IN CONGRESS, July 4, 1776.

The unanimous Declaration of the thirteen united States of America,

When in the Course of human events, it becomes necessary for one people to dissolve the political bands which have connected them with another, and to assume among the powers of the earth, the separate and equal station to which the Laws of Nature and of Nature’s God entitle them, a decent respect to the opinions of mankind requires that they should declare the causes which impel them to the separation.

We hold these truths to be self-evident, that all men are created equal, that they are endowed by their Creator with certain unalienable Rights, that among these are Life, Liberty and the pursuit of Happiness.–That to secure these rights, Governments are instituted among Men, deriving their just powers from the consent of the governed, –That whenever any Form of Government becomes destructive of these ends, it is the Right of the People to alter or to abolish it, and to institute new Government, laying its foundation on such principles and organizing its powers in such form, as to them shall seem most likely to effect their Safety and Happiness.
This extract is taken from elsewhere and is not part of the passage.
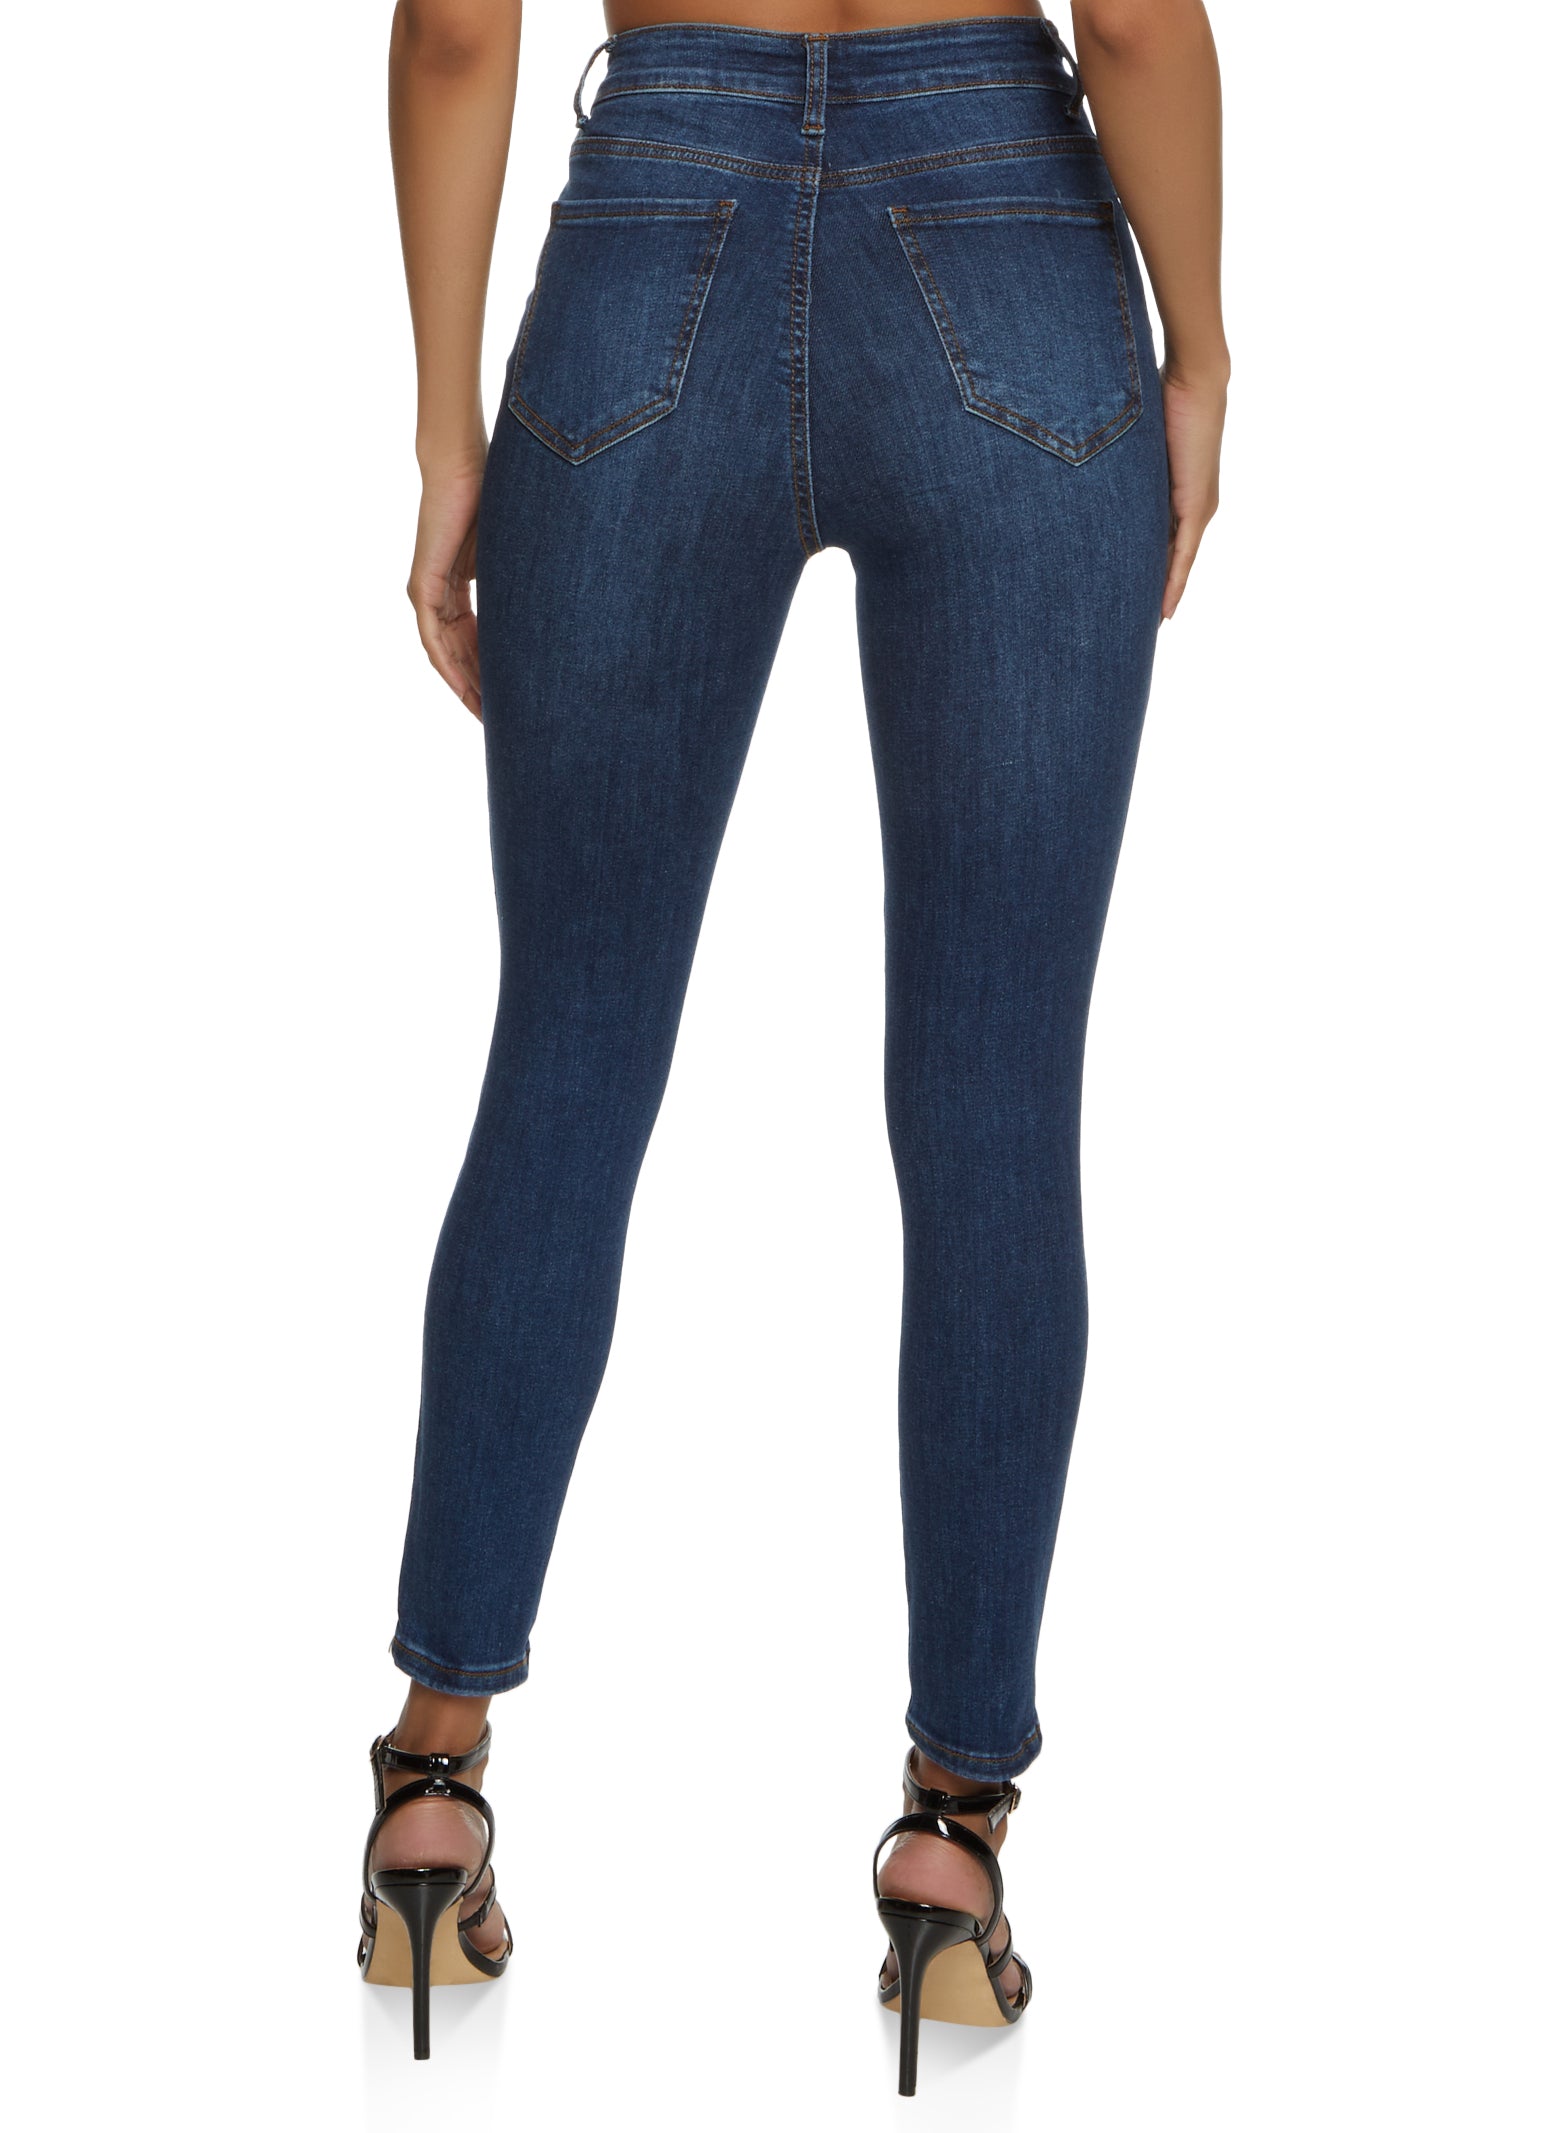 WAX Solid Whiskered Skinny Jeans

Prudence, indeed, will dictate that Governments long established should not be changed for light and transient causes; and accordingly all experience hath shewn, that mankind are more disposed to suffer, while evils are sufferable, than to right themselves by abolishing the forms to which they are accustomed. But when a long train of abuses and usurpations, pursuing invariably the same Object evinces a design to reduce them under absolute Despotism, it is their right, it is their duty, to throw off such Government, and to provide new Guards for their future security.–Such has been the patient sufferance of these Colonies; and such is now the necessity which constrains them to alter their former Systems of Government.